What to do:
Every entry below should come back unchanged, except that the pictures are dropped.

Data provided:
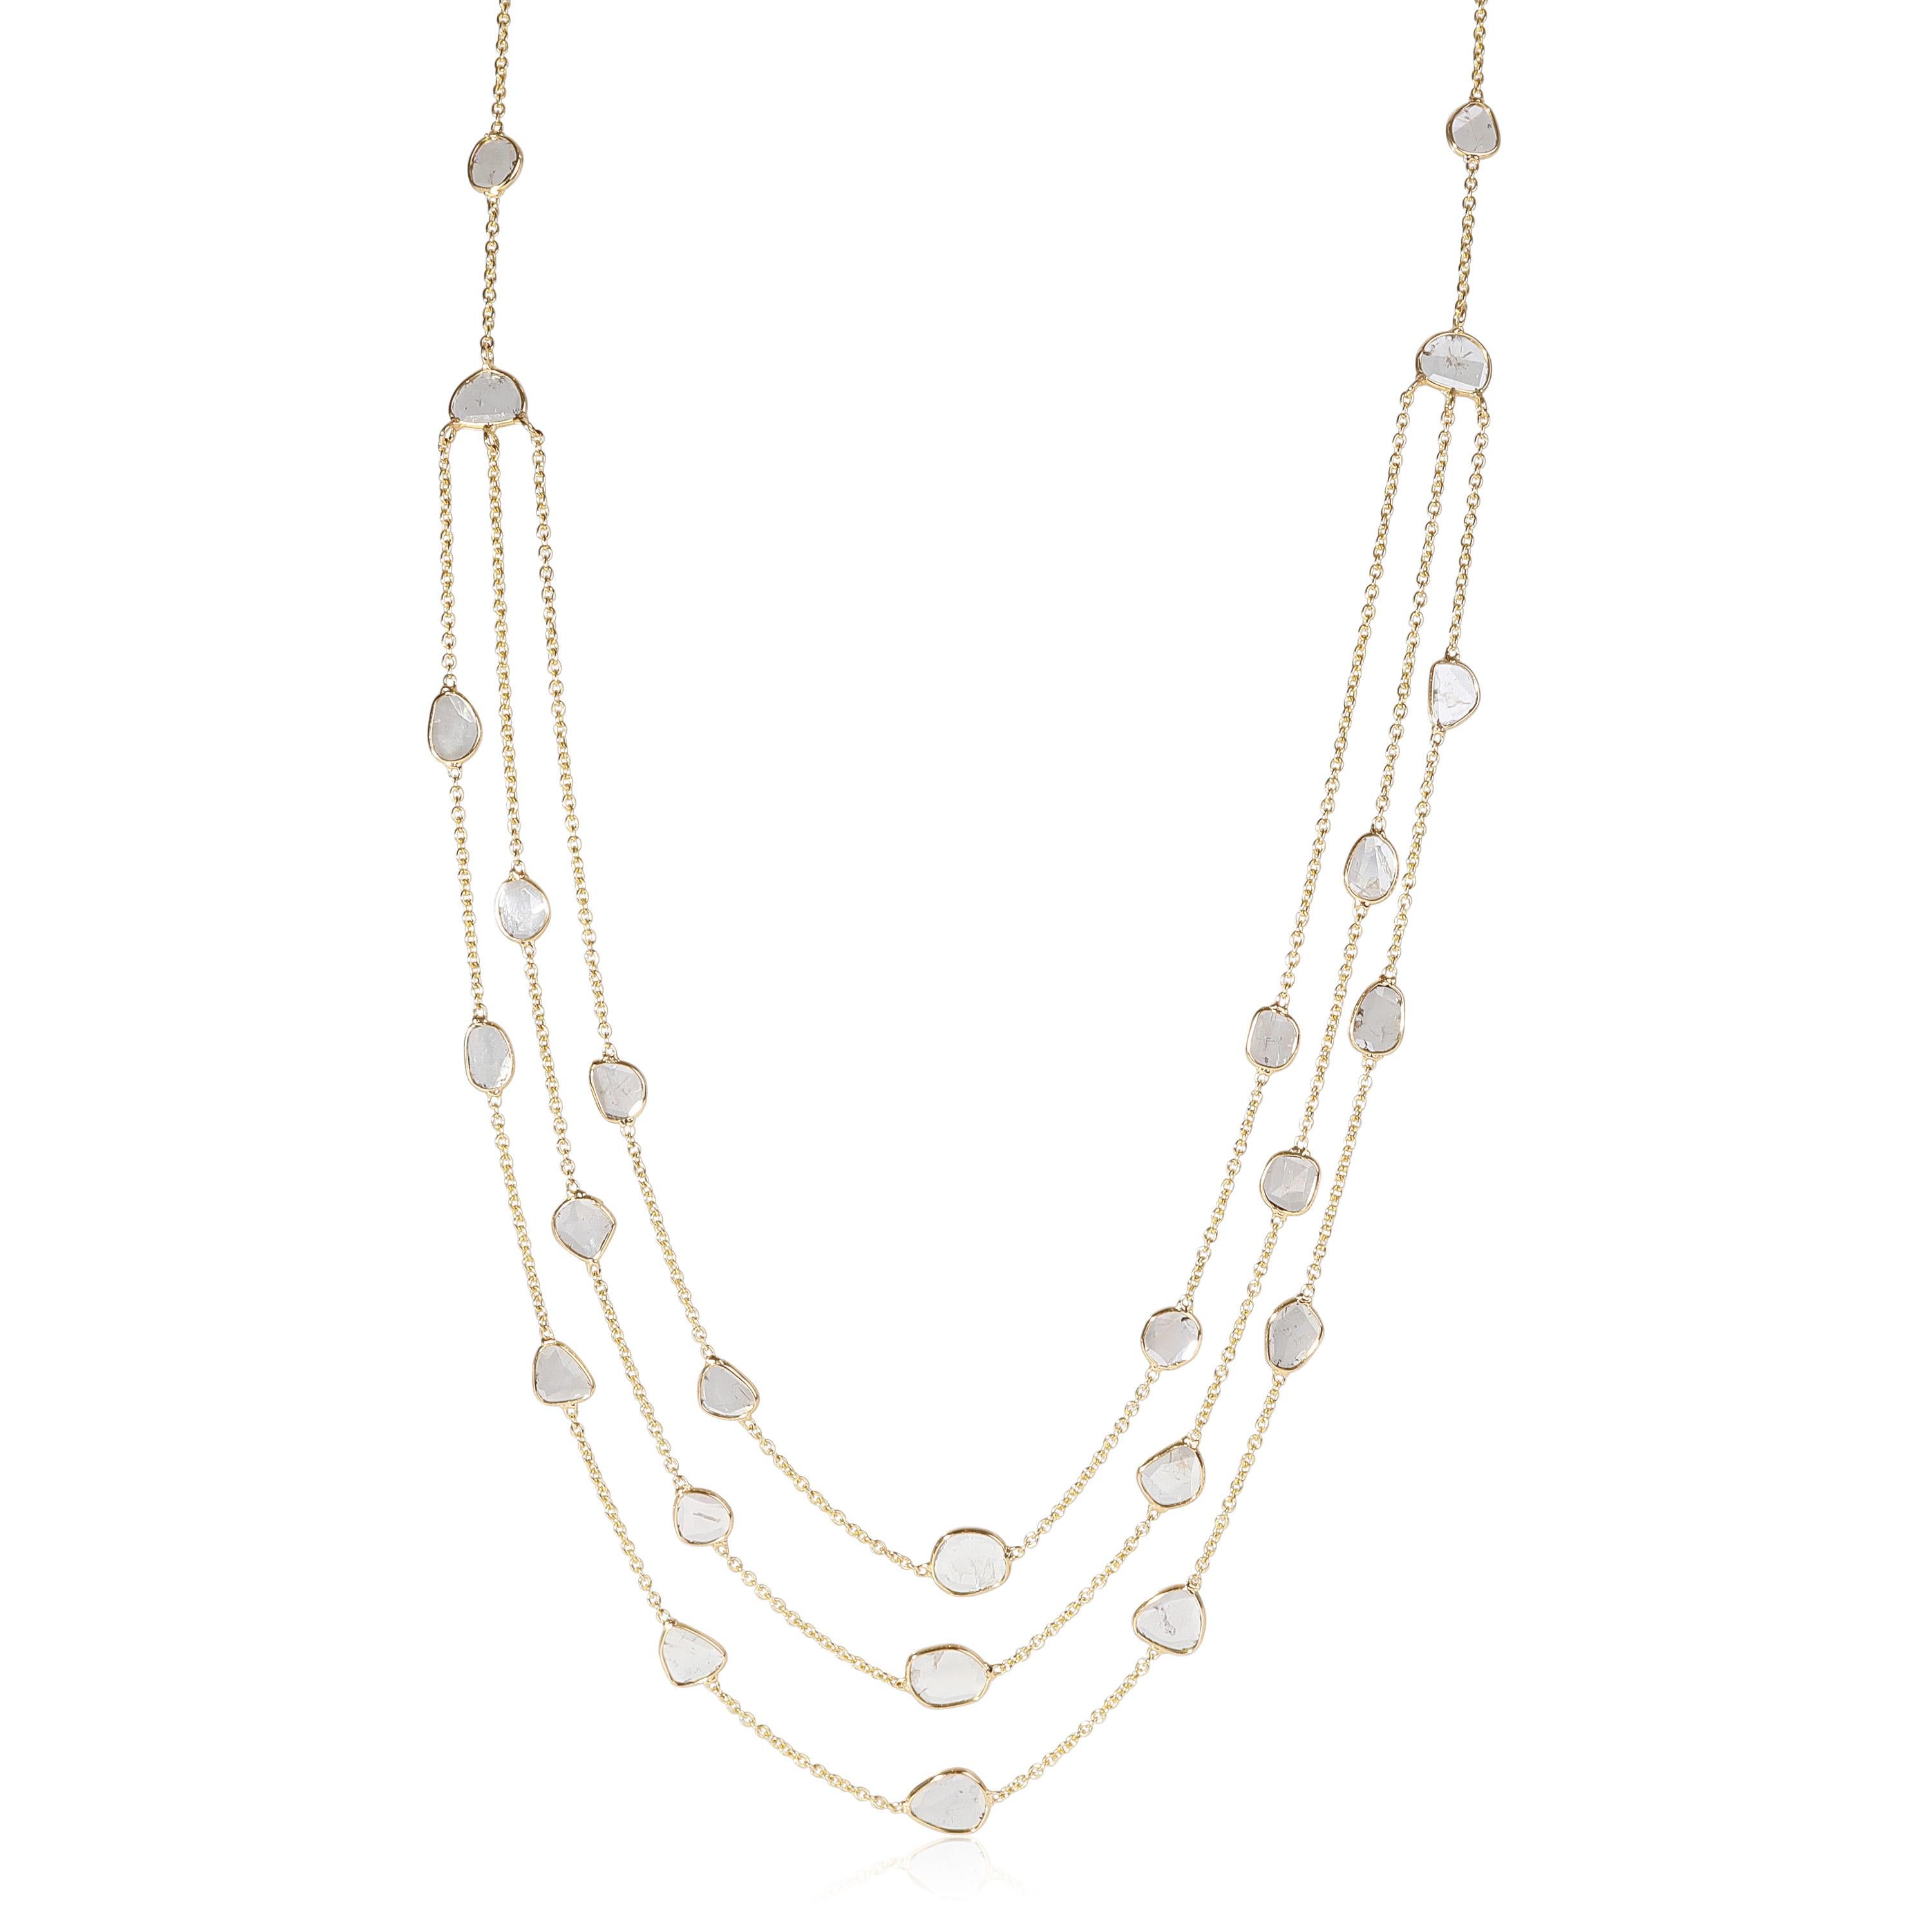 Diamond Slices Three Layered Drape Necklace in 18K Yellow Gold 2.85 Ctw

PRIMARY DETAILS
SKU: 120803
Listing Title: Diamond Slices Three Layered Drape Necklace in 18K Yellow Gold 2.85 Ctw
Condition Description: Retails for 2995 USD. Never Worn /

Exercise output:
 Diamond Slices Three Layered Drape Necklace in 18K Yellow Gold 2.85 Ctw

PRIMARY DETAILS
SKU: 120803
Listing Title: Diamond Slices Three Layered Drape Necklace in 18K Yellow Gold 2.85 Ctw
Condition Description: Retails for 2995 USD. Never Worn /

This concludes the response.